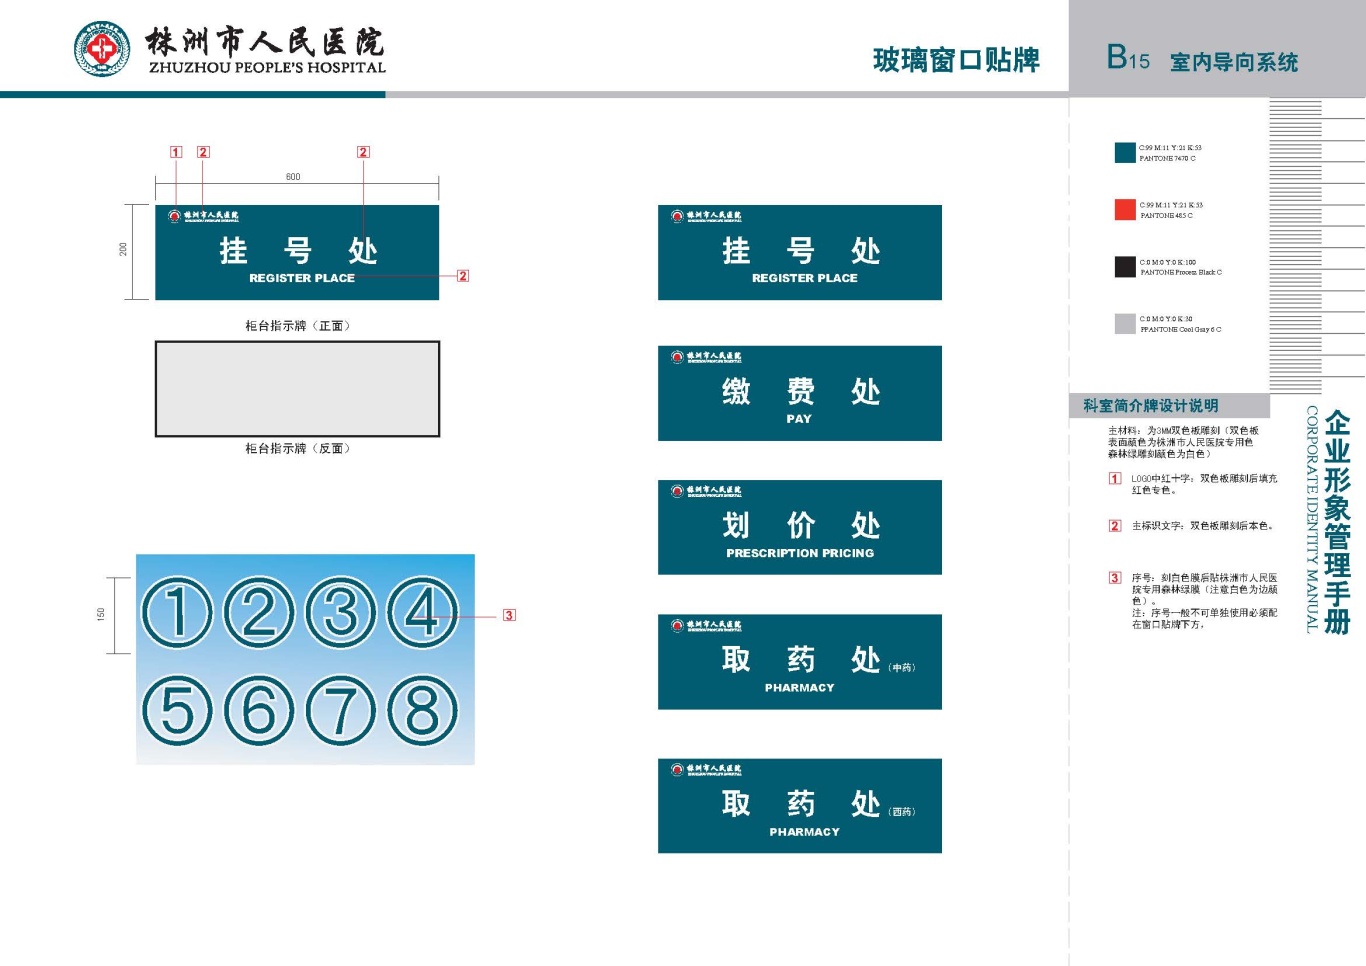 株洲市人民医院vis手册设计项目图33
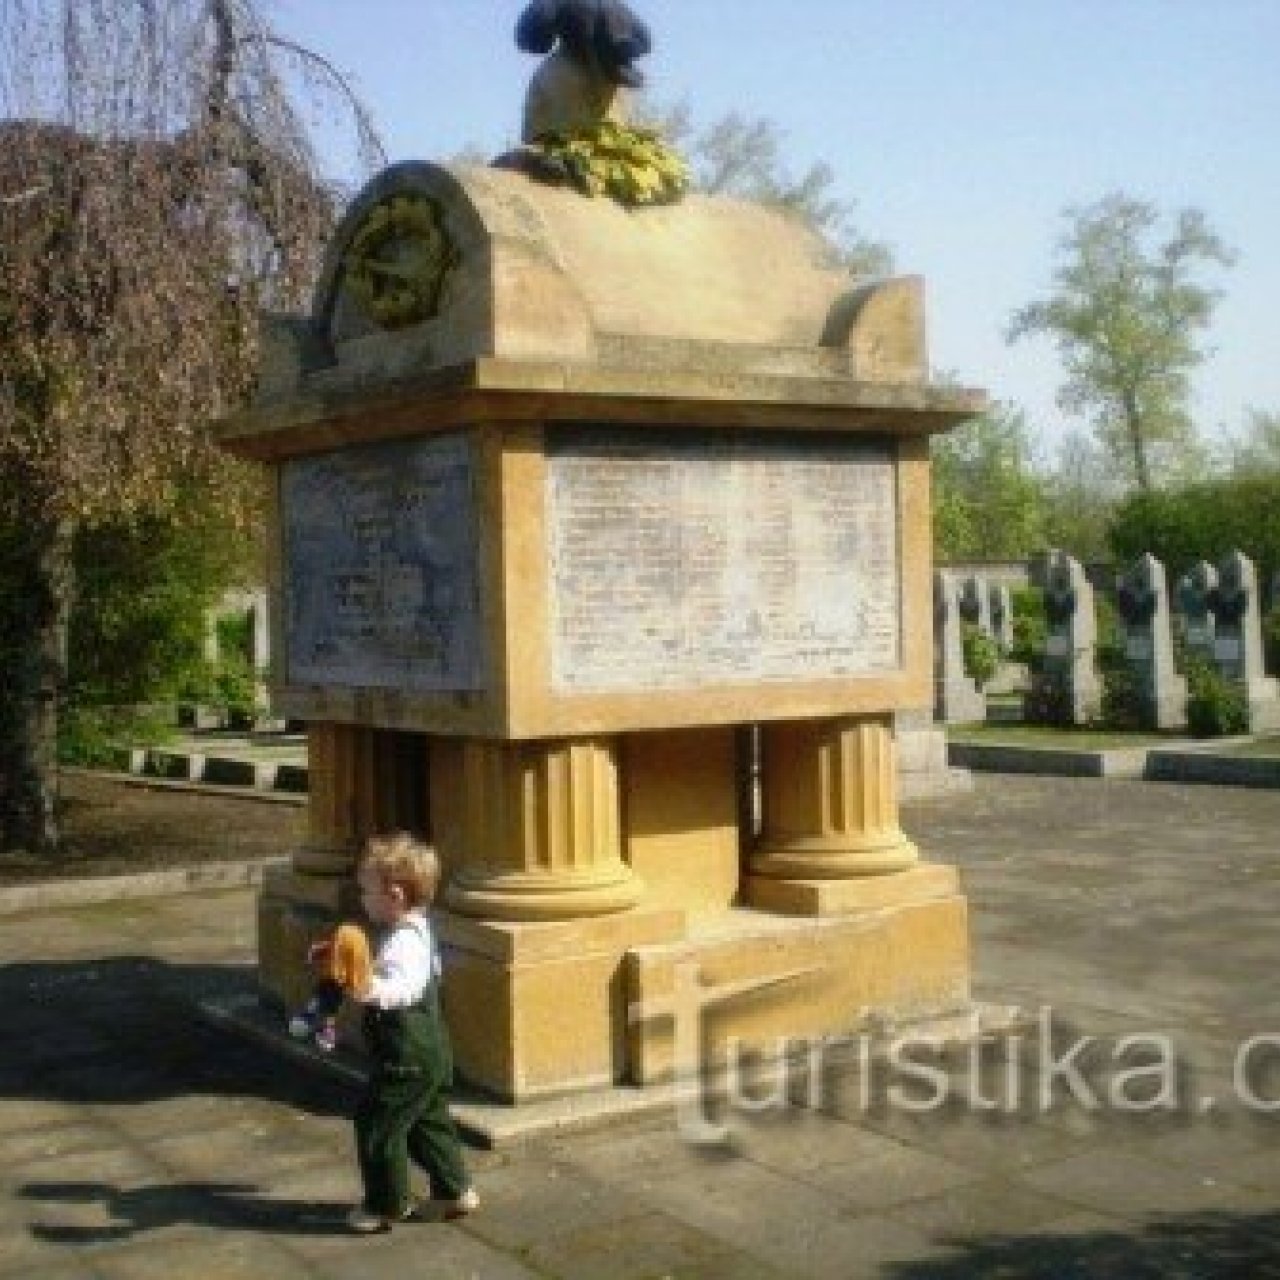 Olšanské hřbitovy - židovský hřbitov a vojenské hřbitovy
...
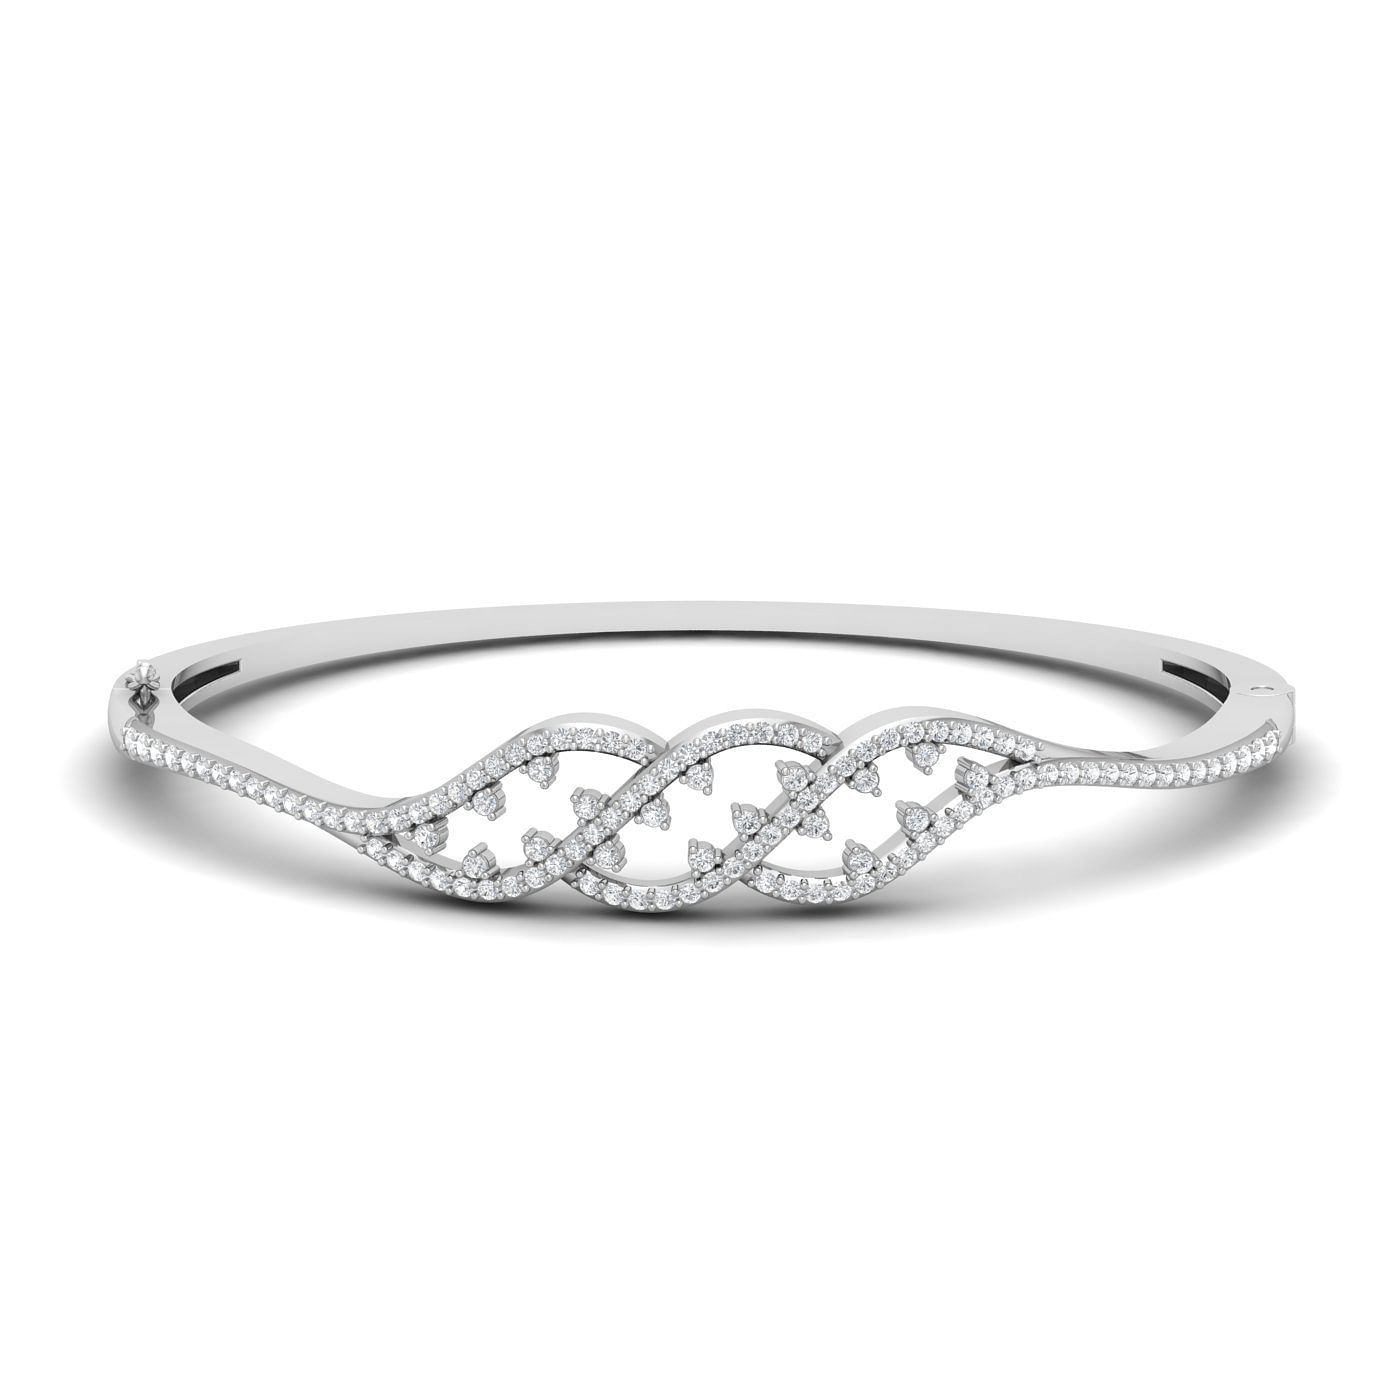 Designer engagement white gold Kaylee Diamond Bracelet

**Try it**
Please output, exactly as written, the lines above from the one holding "株洲市人民医院vis手册设计项目图33" through the one holding "Olšanské hřbitovy - židovský", both included, with the pictures omitted.

**Solved exercise**
 株洲市人民医院vis手册设计项目图33
 Olšanské hřbitovy - židovský hřbitov a vojenské hřbitovy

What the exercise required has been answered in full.